## What to do
Set the material down again exactly, line by line, skipping each picture.

*** Supplied information ***

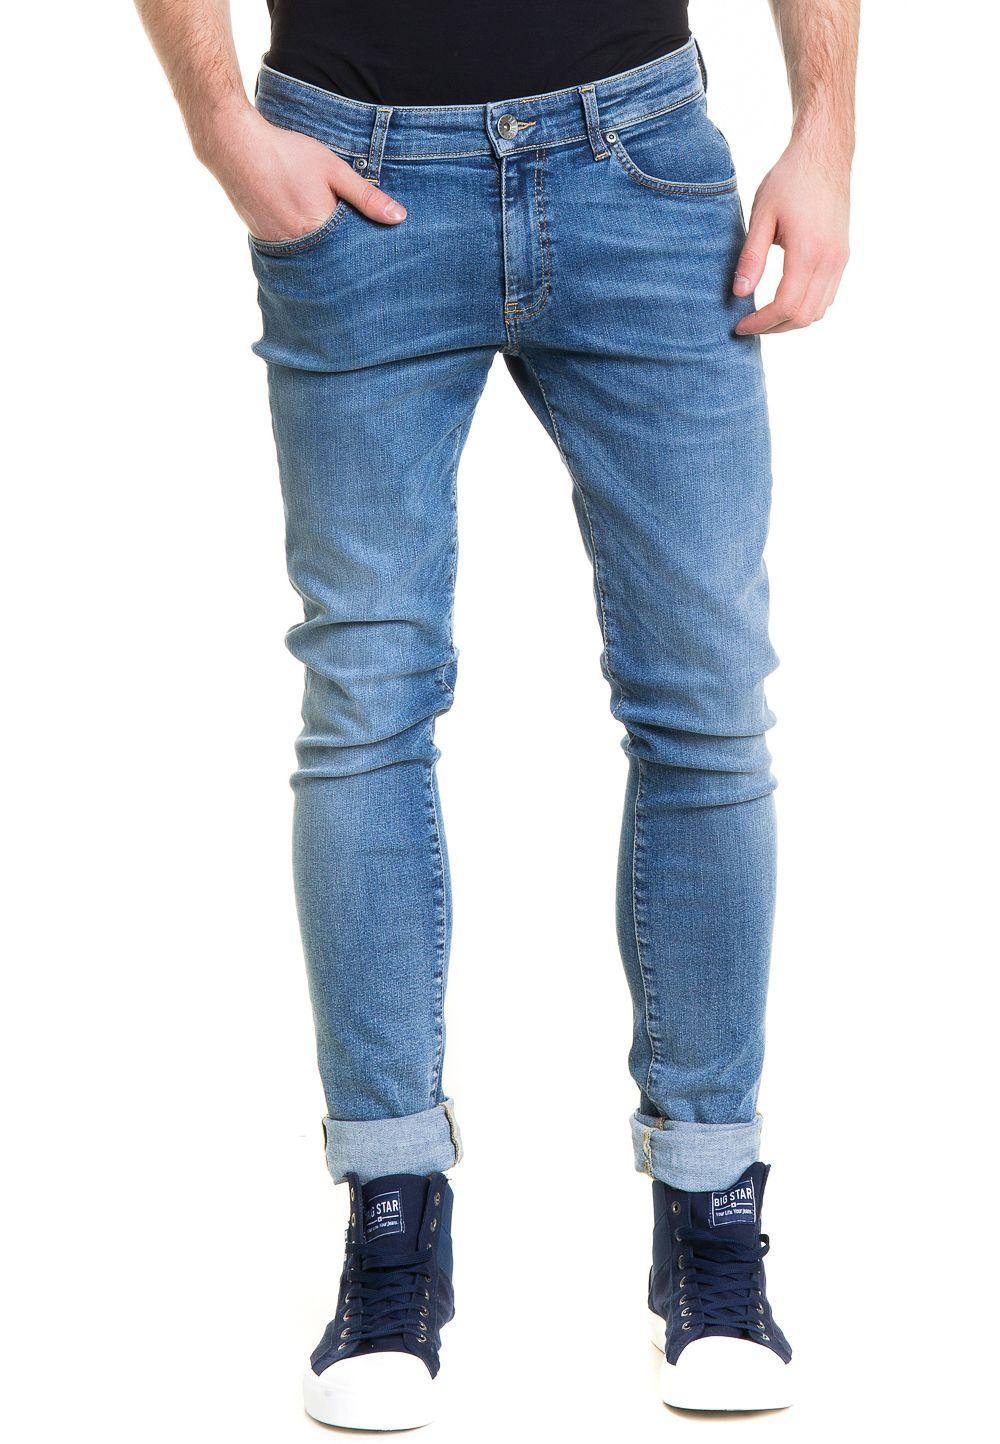 Big Star Jeans Trey Slim Fit Blau Jetzt Bestellen Unter Https Mode Ladendirekt De Herren Bekleidung Jeans Sonstige Jeans U Big Star Jeans Jeans Bekleidung
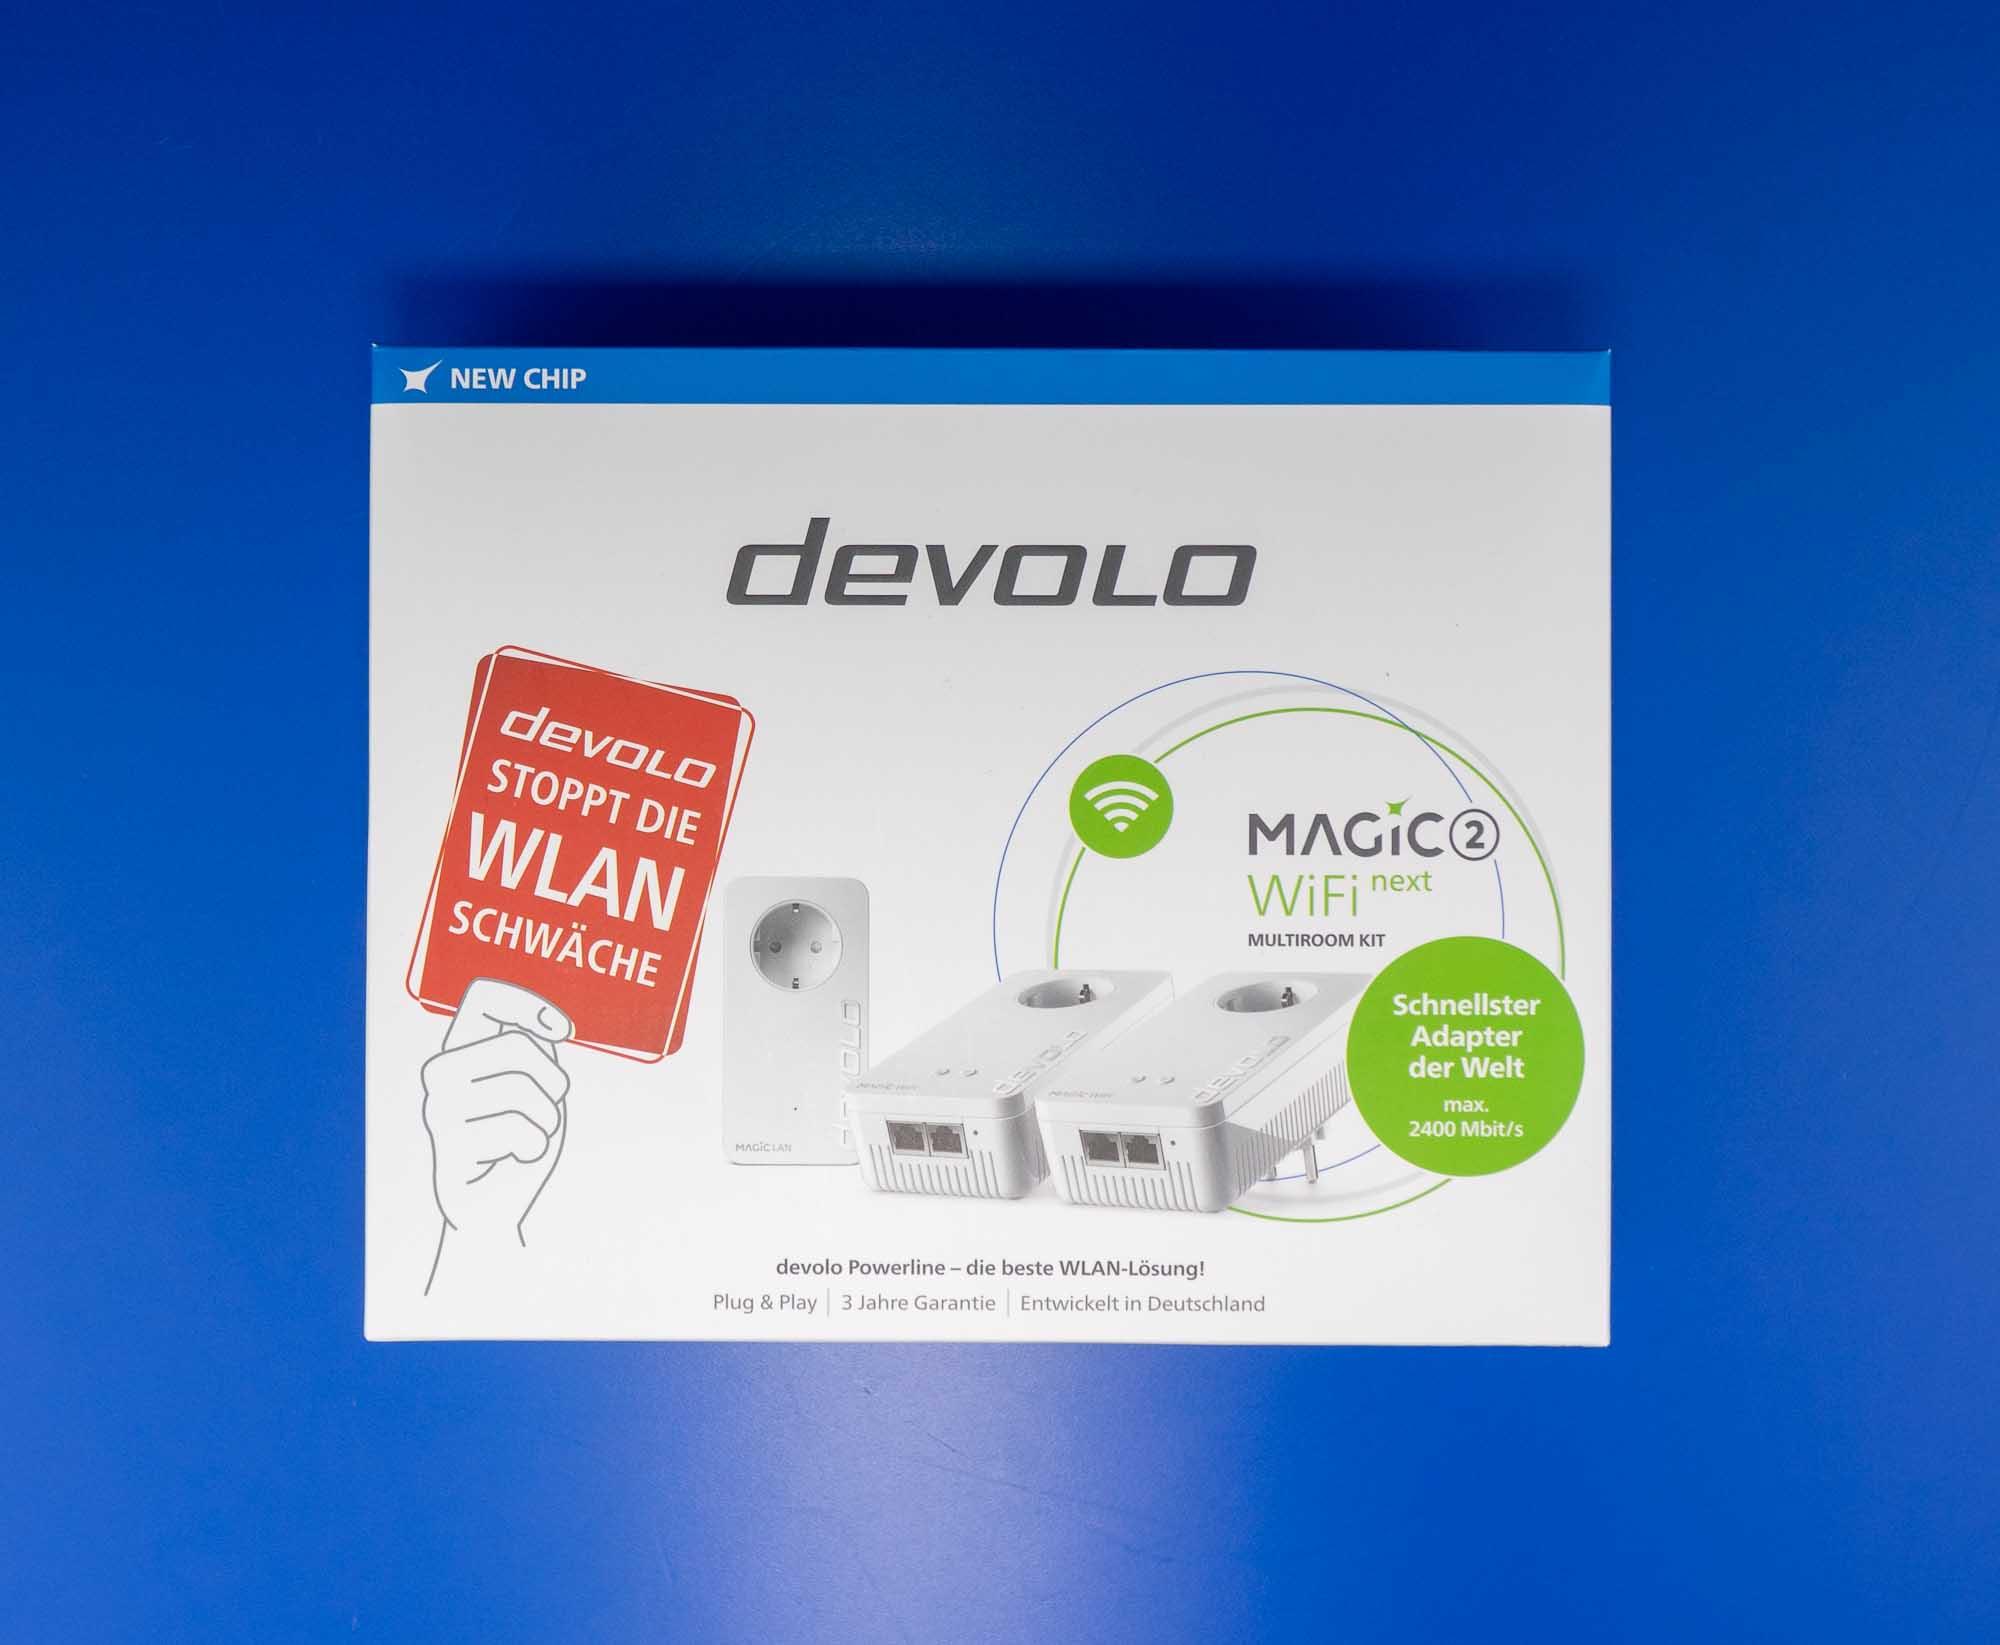 Verpackung devolo Magic 2 WiFi next Multiroom-Set
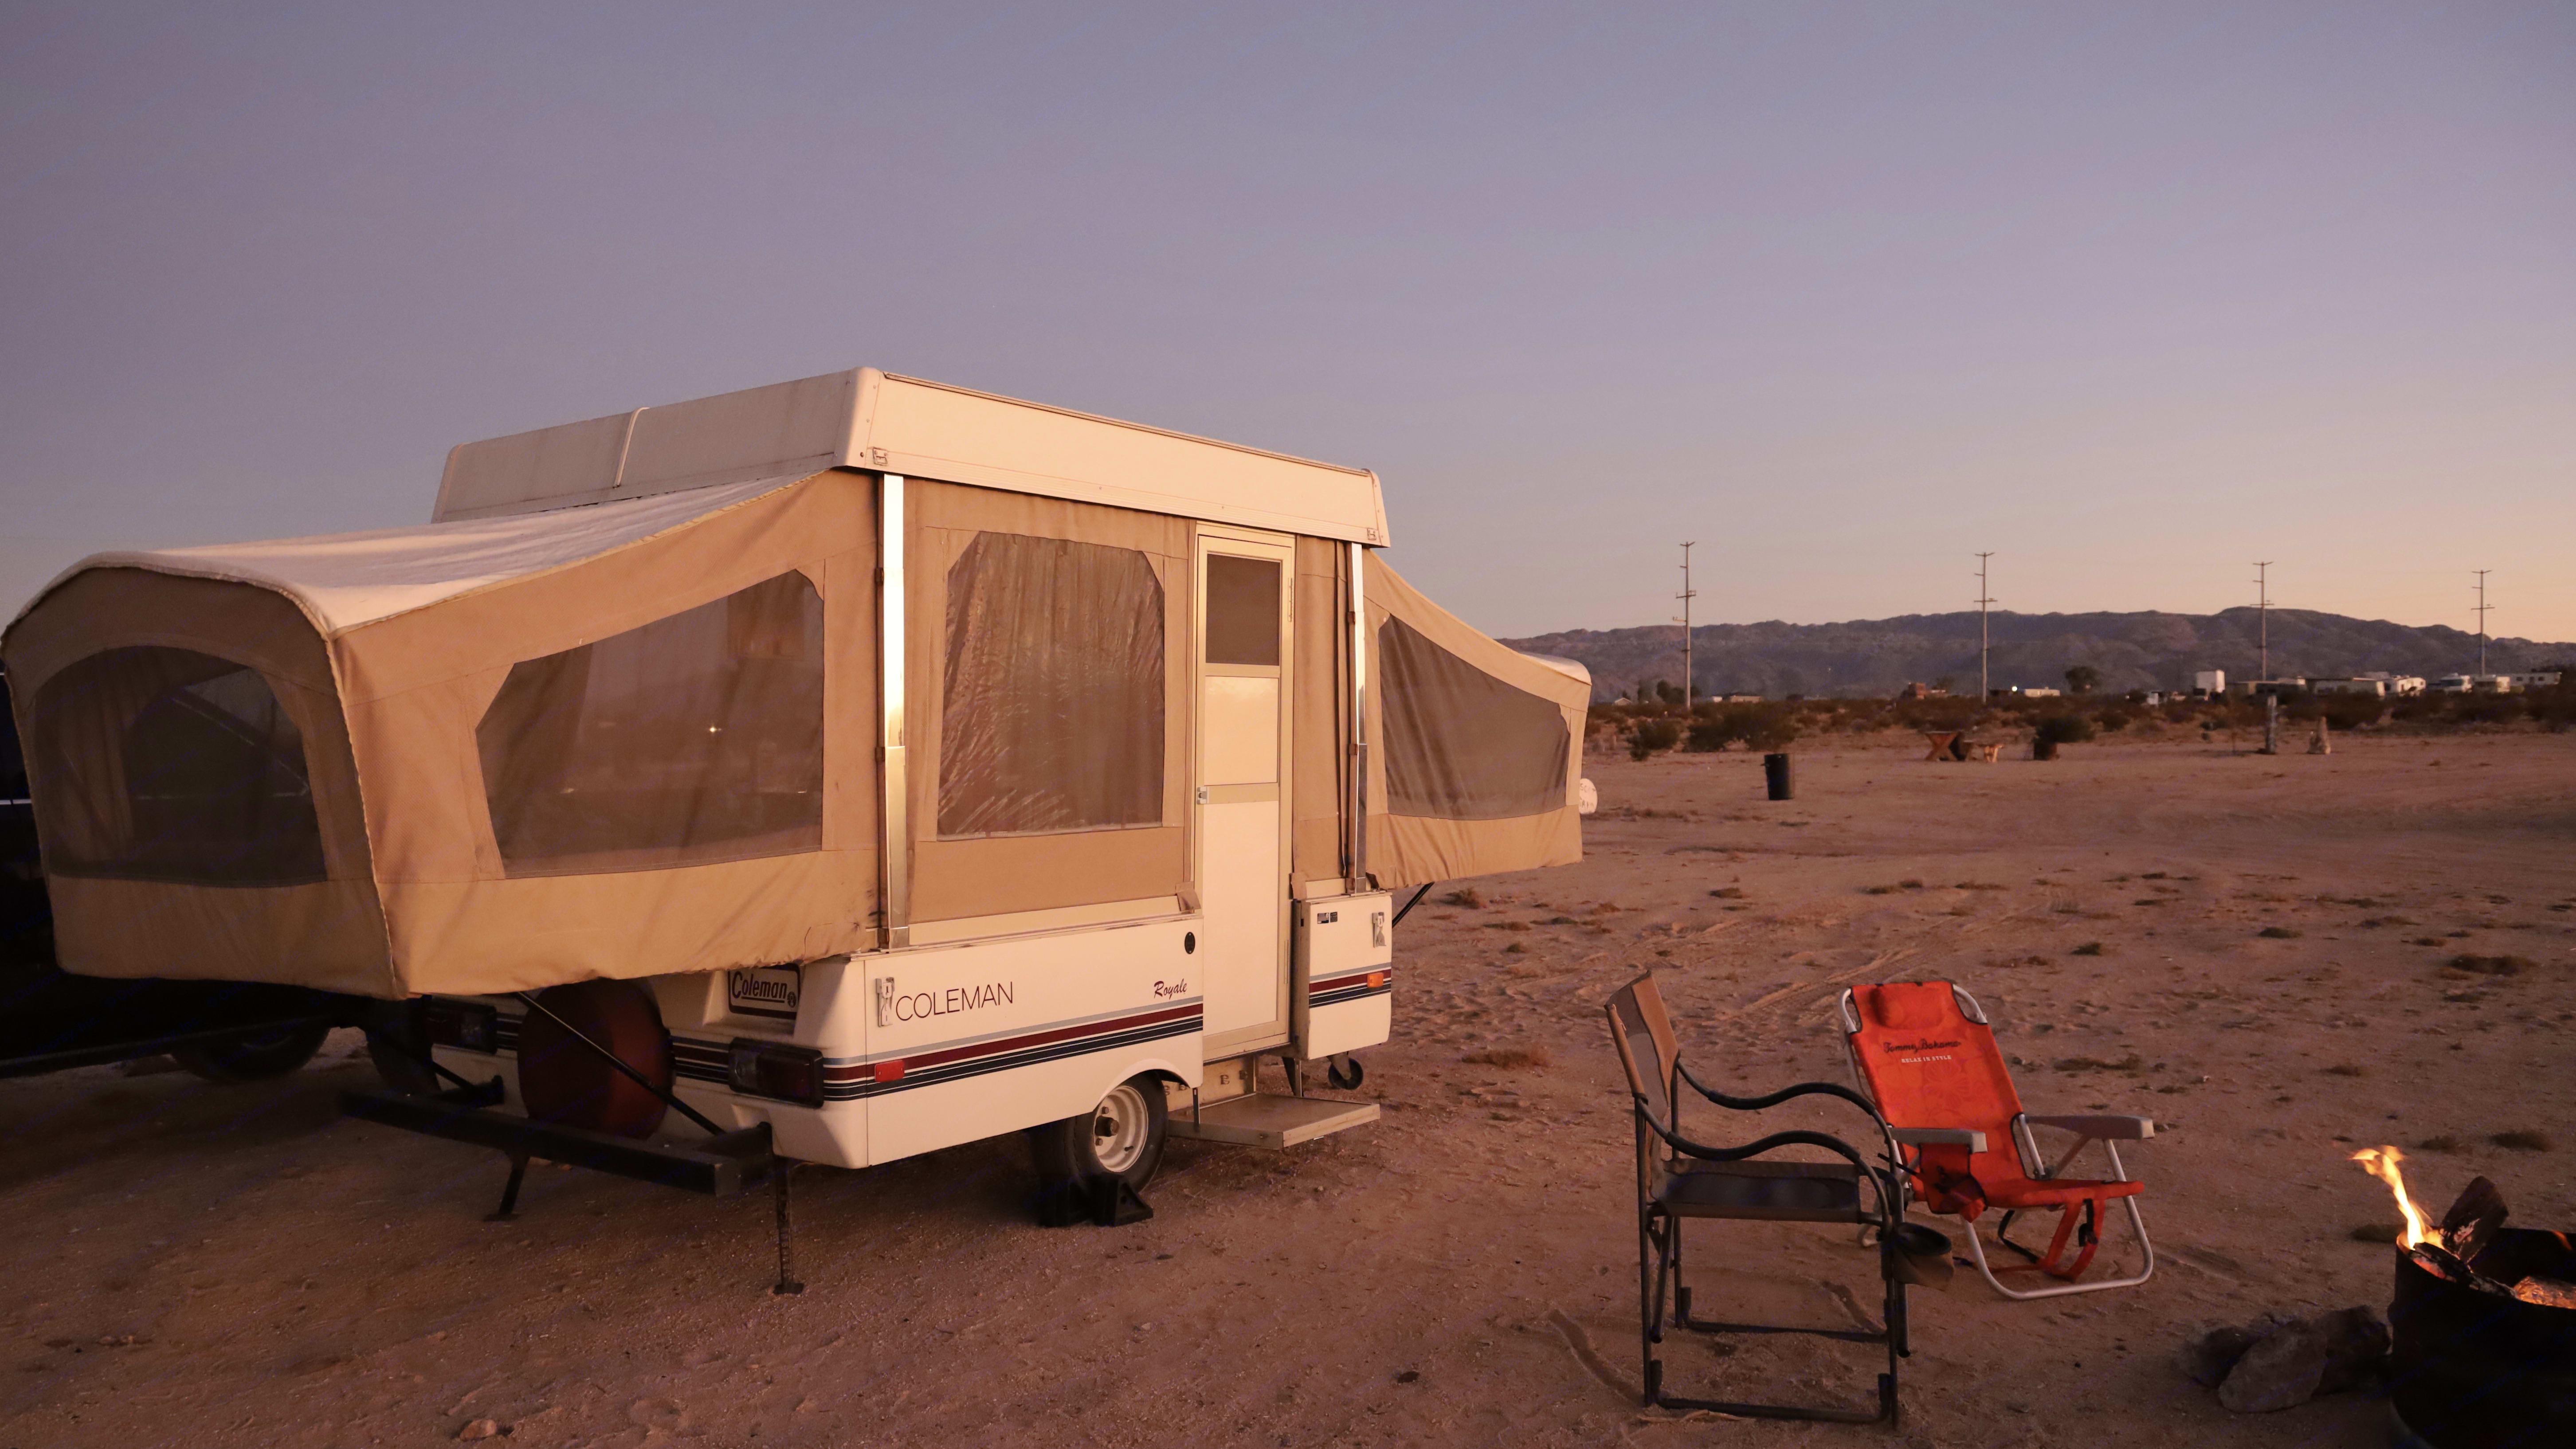 Sunset in the desert. Coleman Royal 1985

***

## Solution to the problem
 Big Star Jeans Trey Slim Fit Blau Jetzt Bestellen Unter Https Mode Ladendirekt De Herren Bekleidung Jeans Sonstige Jeans U Big Star Jeans Jeans Bekleidung
 Verpackung devolo Magic 2 WiFi next Multiroom-Set
 Sunset in the desert. Coleman Royal 1985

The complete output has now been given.